LOLEK! KAROL! JOÃO!
Não é nenhuma coincidência que tudo tenha se dado na Oitava da Páscoa, num primeiro sábado do mês! Também não é coincidência que as últimas palavras tenham sido pronunciadas em favor e agradecimento aos jovens, tão queridos seus! Não, não se trata de nenhuma coincidência. Quando víamos sua figura paterna, desgastada pelo peso do comando de tantas almas, curvada e serena em sua mansa santidade, seus olhos que grampeavam o olhar de todos e em cuja profundidade se afogava o martírio de tantos que sofrem e gemem, a única coisa que buscávamos era o seu exemplo. Em seu vivencial anúncio do Evangelho, quando eleva seu Cristo acima de todo brado humano e de toda expectativa, João perturba e consola, em mãos tão frágeis e fortes, um mundo que tomba diante da própria prepotência, da própria ignorância. E, mesmo morto, levado pelos oficiais do Vaticano em penosa procissão na Praça de São Pedro, sob o olhar perplexo de milhares de pessoas que choram, que gritam seu nome, João, o nosso João de Deus, apascenta com seu semblante de Paz, como um espelho do Céu que nos aguarda. Mesmo em seus trajes de morte, num vermelho que acentua ainda mais a alvura da pele experimentada na dor, vemos a prefiguração de Cristo que experimenta a Paixão e a suplanta, na esperança da Glória eterna de Deus. O mundo, pesaroso e contrito, testifica no profundo dos olhos e do coração essa paz que o nosso Karol tanto espalhou, e grita: “A bênção, João!”.
Em pequeno, o Lolek, o pequeno Karol, amparado unicamente pelo Deus que havia de anunciar. Depois, o Karol forte e austero da juventude – ator, escritor, poeta, operário, seminarista. Plural e dinâmico numa Polônia presa em si mesma, amedrontada pelo pavor de falsos anúncios. Logo, o Bispo Karol, respeitado e escondido em seu carisma de pastor, maduro o suficiente para ser ouvido no Vaticano, chama a atenção do Conclave. E, por fim, o João, João de Deus, Papa do mundo, Papa da Paz!

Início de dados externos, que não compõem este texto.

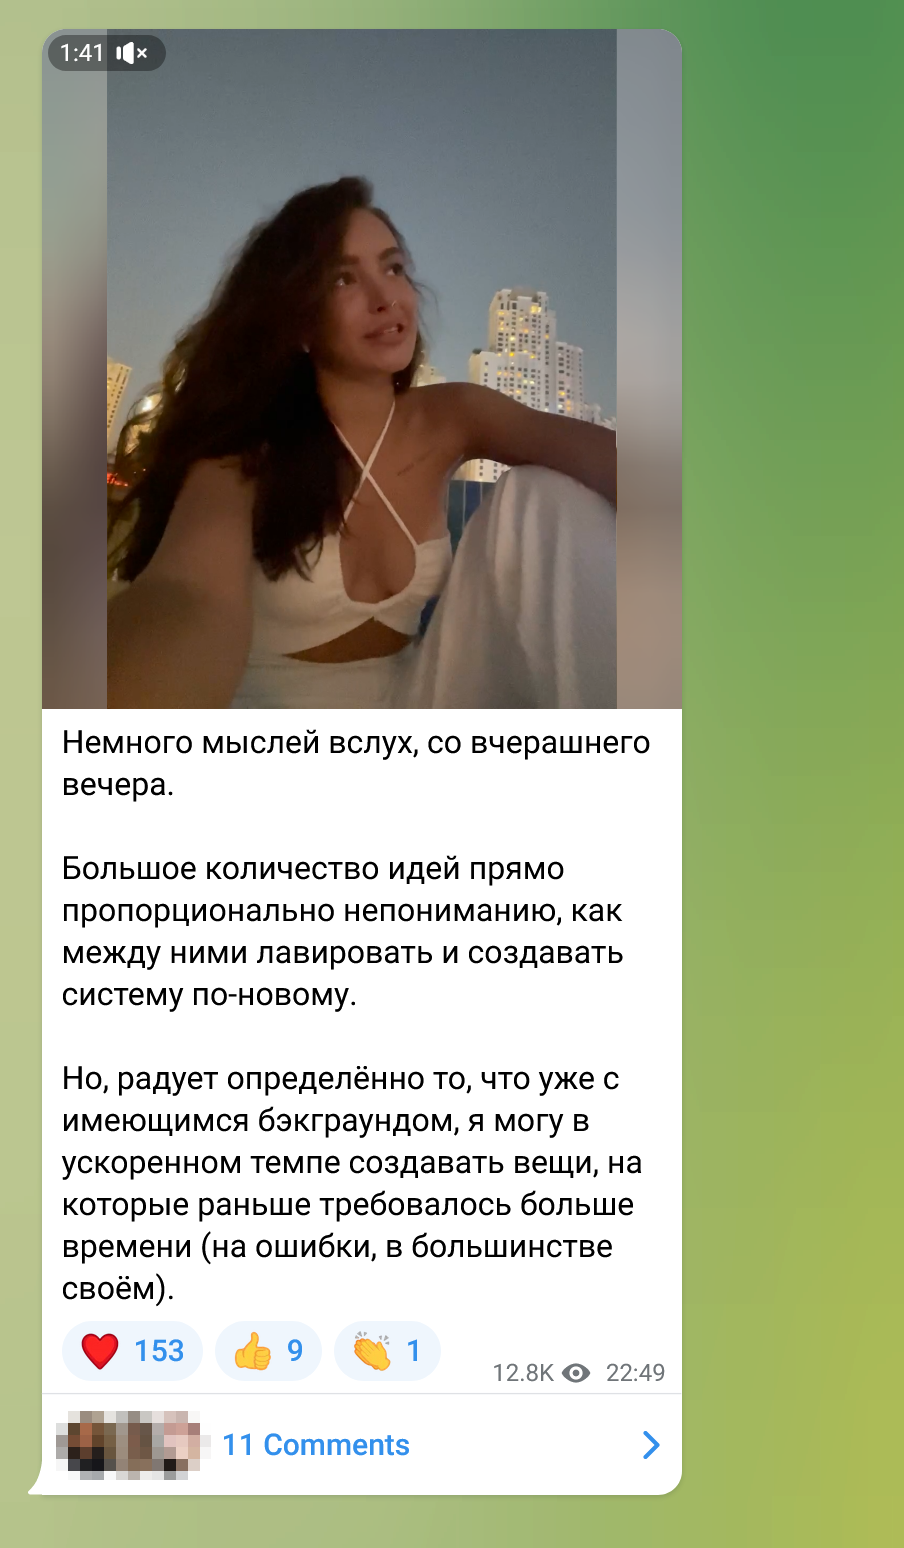 У блогерки Вероники Логиновой только около 25 000 подписчиков в «Телеграме», это в 20 раз меньше, чем в другой ее соцсети

Não, não é coincidência! Em seus últimos dias de vida, aos quais Deus resguardou a liturgia da Paixão do Senhor, o nosso João, tal qual o apóstolo que Jesus amava, procurava dar essa lição do amor que perpassa o sofrimento e que é tão inquietante para nós. Ele, o nosso Lolek, que desde a infância experimentara a dor da ausência dos seus, amparando-se na fé que a Trindade alimentava em seu coração, e que depois, como seminarista clandestino e audaz operário, estampara em seu rosto a forte resistência à opressão dos regimes e das ideologias, agora sedimenta, como Papa (ou melhor, como Pai), essa entrega que responde a toda indagação, que explica em termos humanos o que Cristo, em seu Corpo, na história da Igreja e no exemplo dos santos, sempre anunciou. E isso (graças a Deus!) diante de toda a humanidade, inquieta e nervosa, distante de Deus. Sim, o nosso Lolek, o nosso Karol, também viveu a Paixão que Cristo reservou ao seu Vigário, vigoroso e entusiasta na sua fé segura no Pai. Amando e amado, amante e amoroso!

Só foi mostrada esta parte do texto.